Dehydration is a common and very serious condition for older adults – it can even turn fatal. Anujit Mitter tries to find out why prevention is the best thing to do but it’s much easier said than done—to increase their fluid intake.
For seniors, dehydration can cause many major health problems, including kidney stones, blood clot complications, passing out, rapid but weak pulse, lowered blood pressure. Being hydrated is also very important for certain medications to work properly.
Dr Avik Basu, general practitioner and intensivist, says: “Increased water loss through perspiration is common in summer months. Elderly people are at an increased risk of succumbing to dehydration.”
On how to get senior citizens to drink more water, he adds: “Senior citizens must drink at least 3 litres of plain water every day. Most of us prefer cold water or fruit juice over plain water. Chilled drinks are a no-no for the elderly since they may catch cold or even develop pneumonia in certain cases. Fruit juice is a better option.”
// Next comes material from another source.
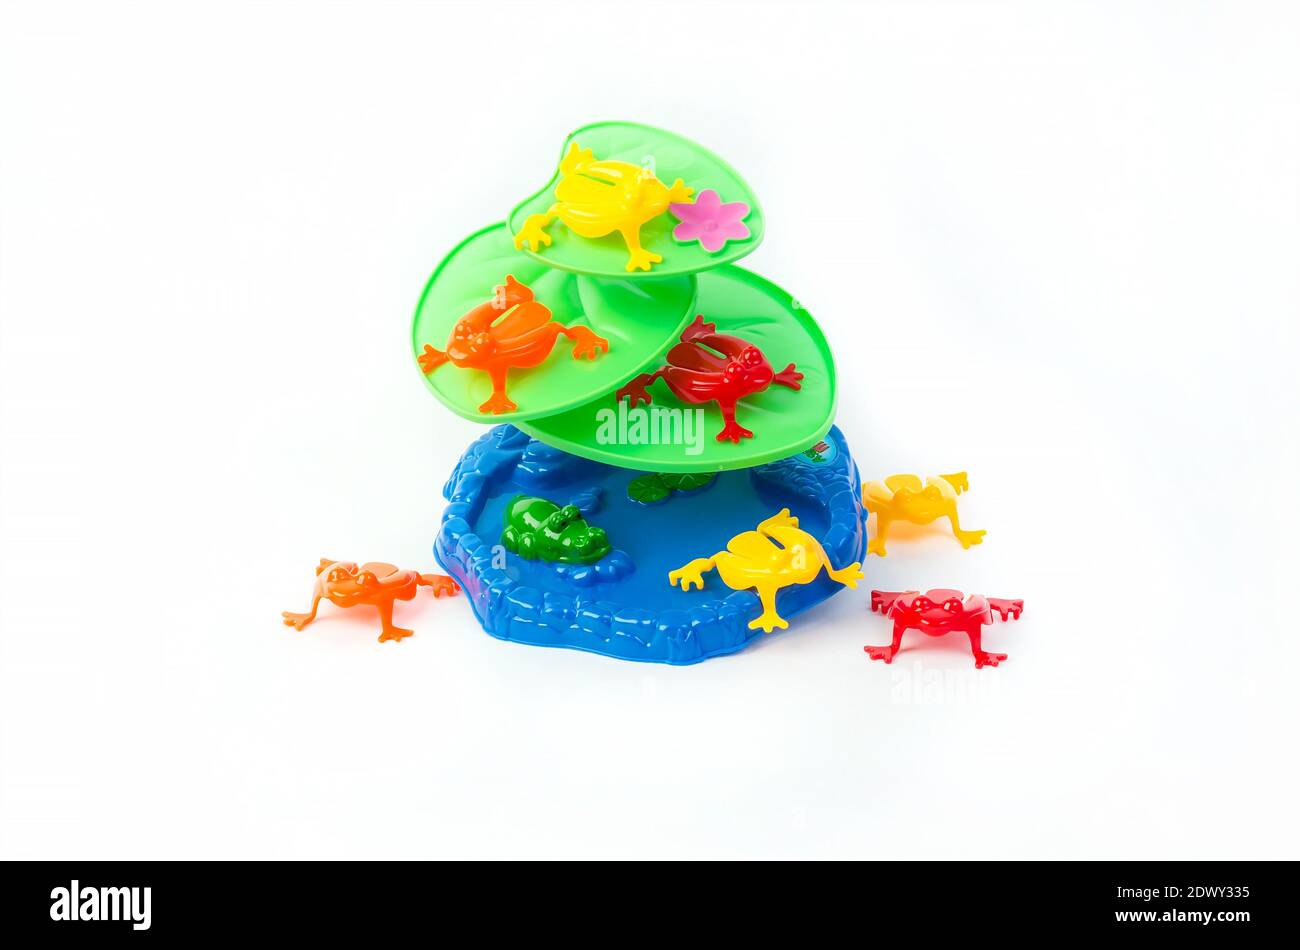 Kinder pädagogisches unterhaltsames Spielzeug für die Entwicklung der motorischen Fähigkeiten, auf weißem Hintergrund. Stockfoto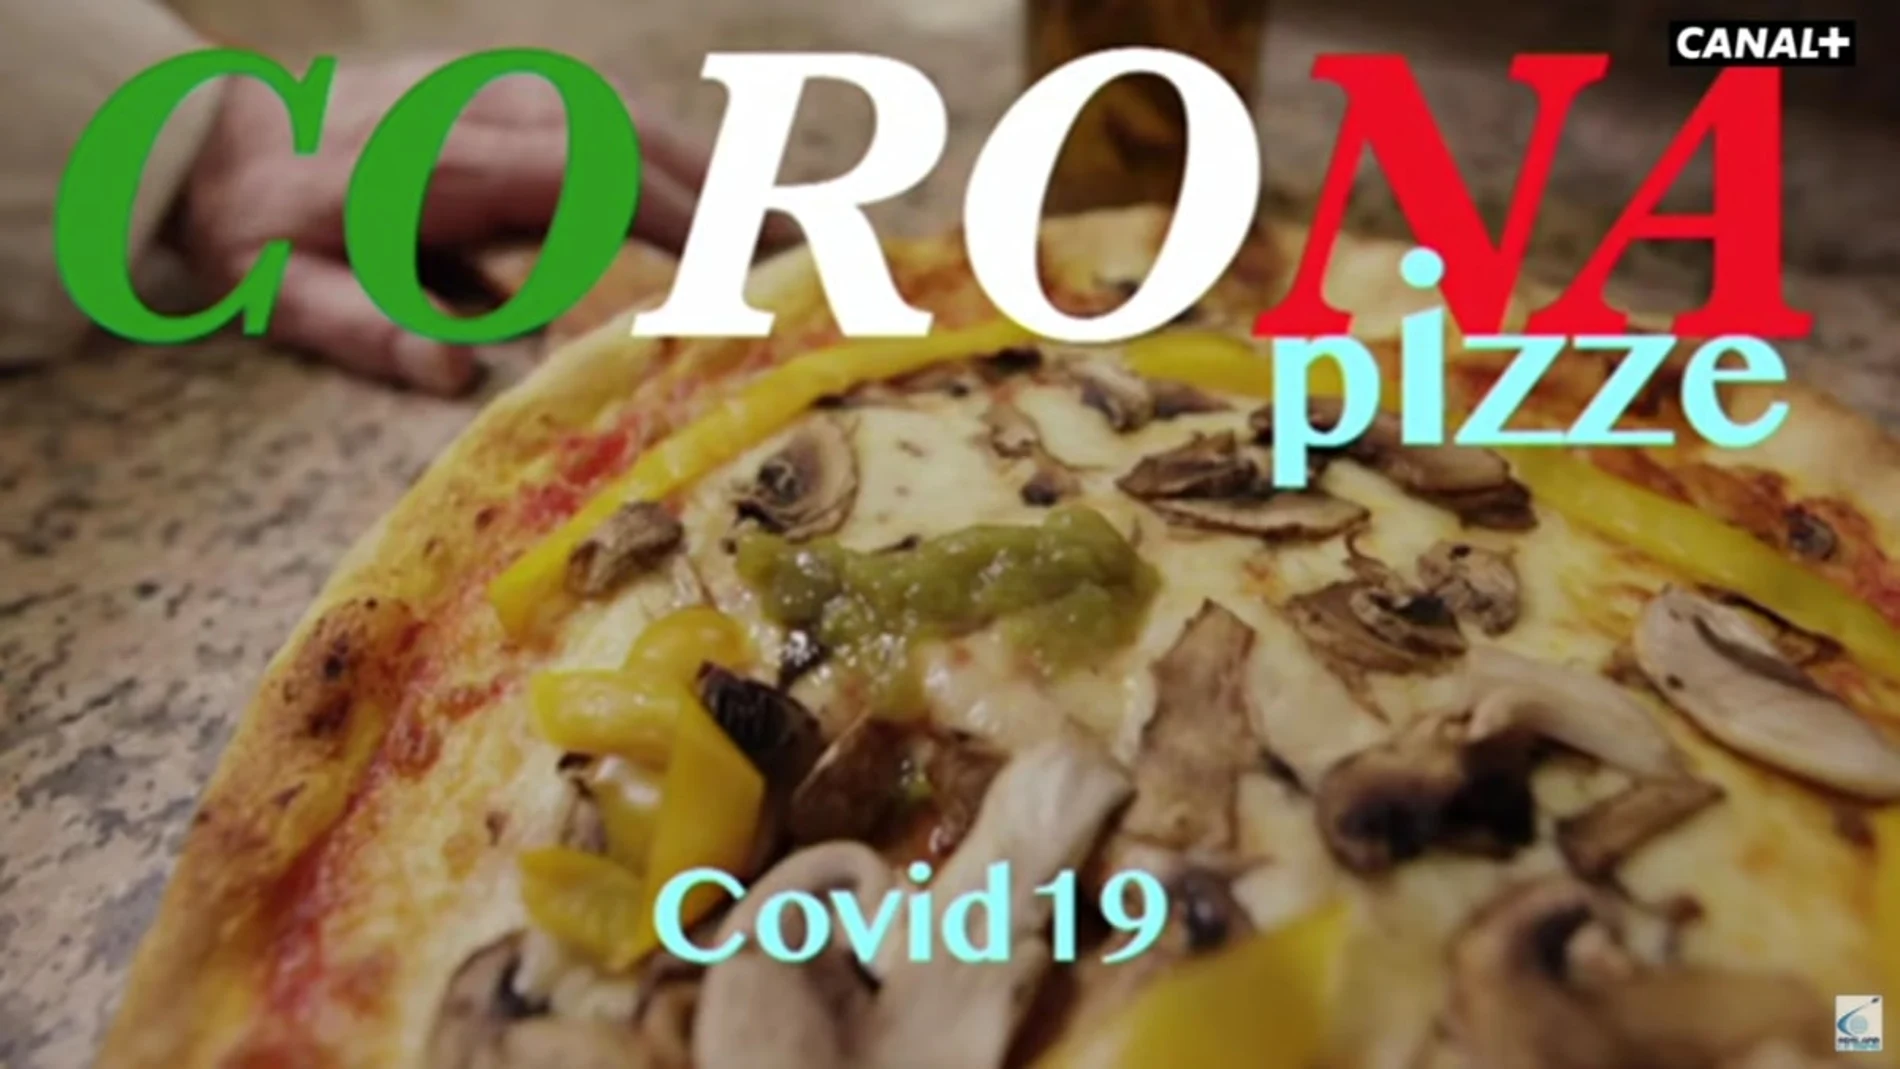 Vídeo satírico sobre la pizza y el coronavirus de Canal+

On how much water per day is adequate for the elderly, Dr Basu replies: “The water requirement will vary if there is any underlying disease viz. cardiac failure, renal or liver disease. These patients will need to take comparatively lesser amount of water to prevent any fluid overload.”
On any particular advice for diabetics/ high BP patients, the doctor says: “Chronic hypertensive patients are dehydrated more compared to normal people. So, they require to drink sufficient water. Similar advice is given to diabetic patients. But if they have an associated nephropathy i.e. renal disease or any cardiac failure, then obviously the level of fluid consumption must be cut down considerably.”
Often, seniors complain about prolonged time for healing in case of cuts and bruises. Dr Basu is quick to reply: “Since water forms the main bulk of the blood, so a reduction in body water will definitely lead to alteration of certain blood parameters e.g. cellular ratios, blood flow. Less blood flow will decrease the rate of delivery of nutrients to the cells and thus delay wound healing. There will be increased population of inflammatory cells nearer the tissues that may lead to persistence of inflammation in and around the site of injury. So, a patient with any bodily injury must be adequately hydrated.”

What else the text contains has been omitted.